The Northwest-based tech giant pledged $40 million to fund the Global Innovation Exchange, or GIX, and the two universities pledged to create a 15-month master’s program to be housed in Bellevue, about eight miles from the UW campus in Seattle. A degree program in technology innovation will connect students and professionals in a pioneering project-based environment, pairing them with teachers, researchers and industry mentors to work on real-world issues in health, the environment and energy.
“So many of today’s challenges can’t be solved by one discipline alone,” said UW interim president Ana Mari Cauce, explaining the impetus behind the endeavor. “True innovation comes from breaking down silos and bringing together thinkers and doers from a wide range of disciplines, and from academia and industry.”

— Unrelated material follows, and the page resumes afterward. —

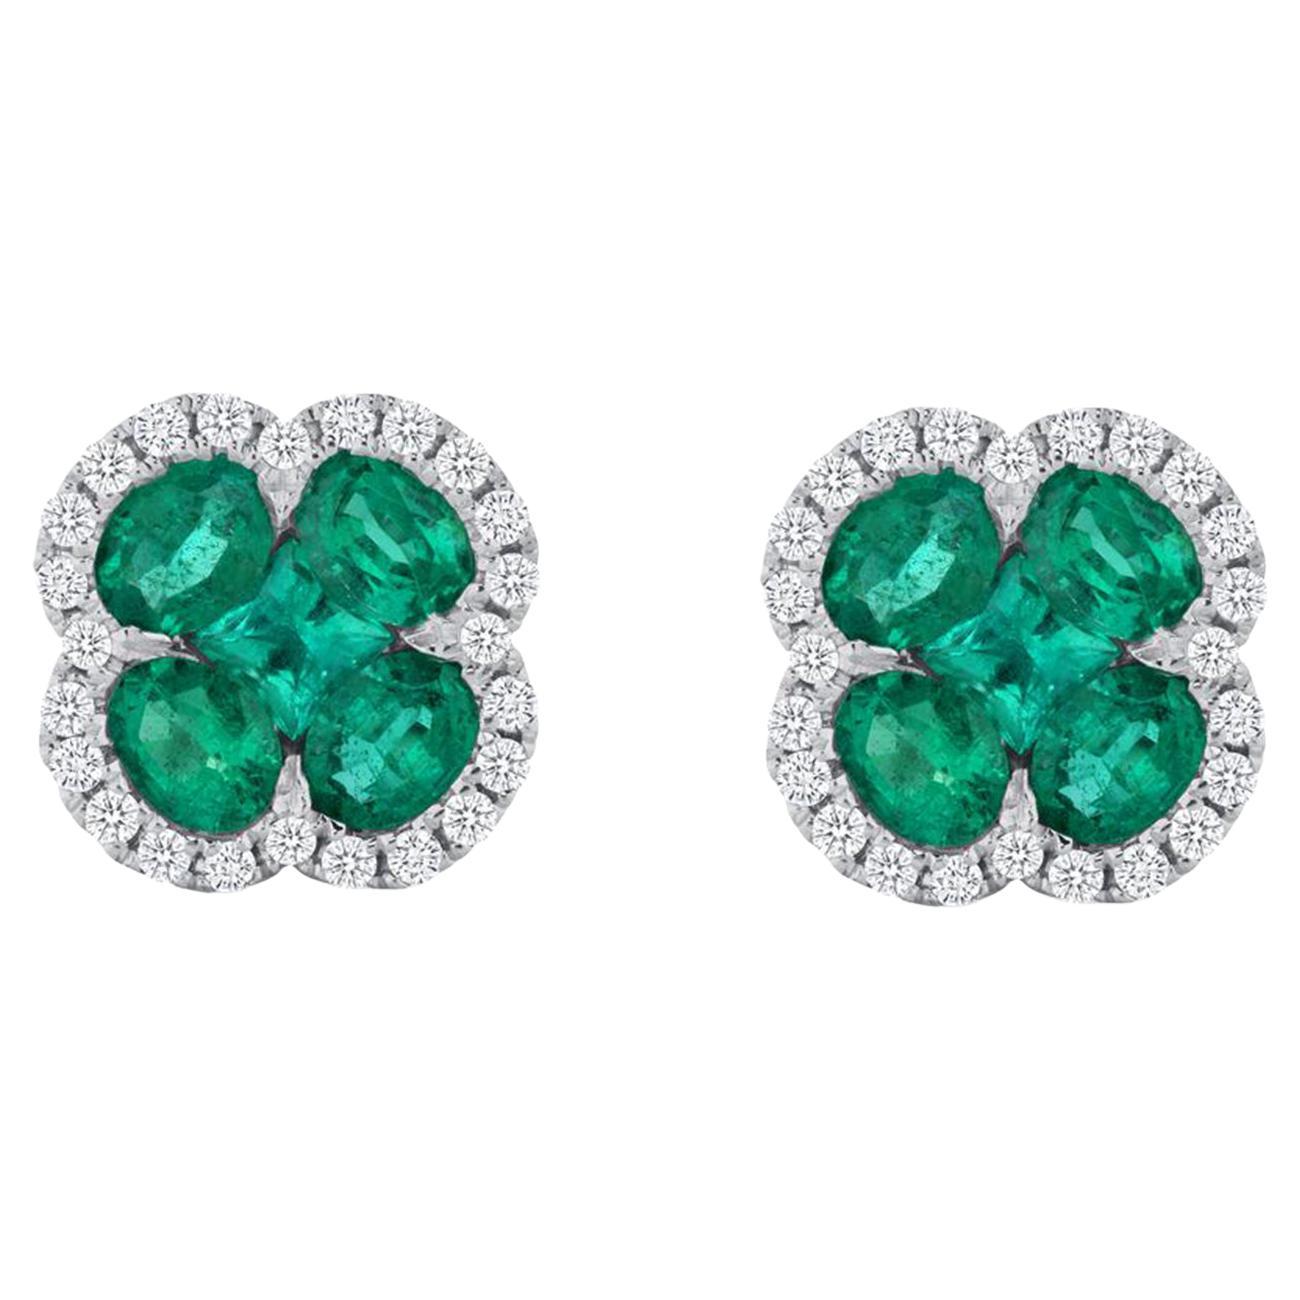 1.32 CT Natural Emerald 0.35 CT Diamonds 18K Gold Stud Four Leaf Clover Earrings For Sale

Beijing-based Tsinghua University is one of China’s elite, producing some of the country’s leading computer and materials scientists and engineers. The school also has a private arm that runs businesses that spin out from the research and advances of the university.
Tsinghua president Qui Yong, speaking in Mandarin, told the room that he saw this as a chance to cultivate global talent and operate across boundaries to solve problems related to the environment, resources and health.
Microsoft’s general counsel Brad Smith came up with the idea for a collaborative educational program several years ago, recognizing UW’s central role in the innovation economy in the Northwest, much like Stanford’s in Silicon Valley. Aside from allowing students to work with mentors in the industry, this effort creates opportunities for global interaction, all the while bringing together academia, private industry and nonprofit organizations.
Two more schools and several other businesses may soon join the GIX program. Early focuses will include life sciences, smart cities, and the “Internet of things”—involving communication from machine to machine or from sensor to machine. While it will start on the UW’s Seattle campus, the school is slated to move into its own building in Bellevue’s Spring District by 2017. The first class of up to 35 students will start in the fall of 2016. The number of GIX students is expected to grow to 3,000 by 2025.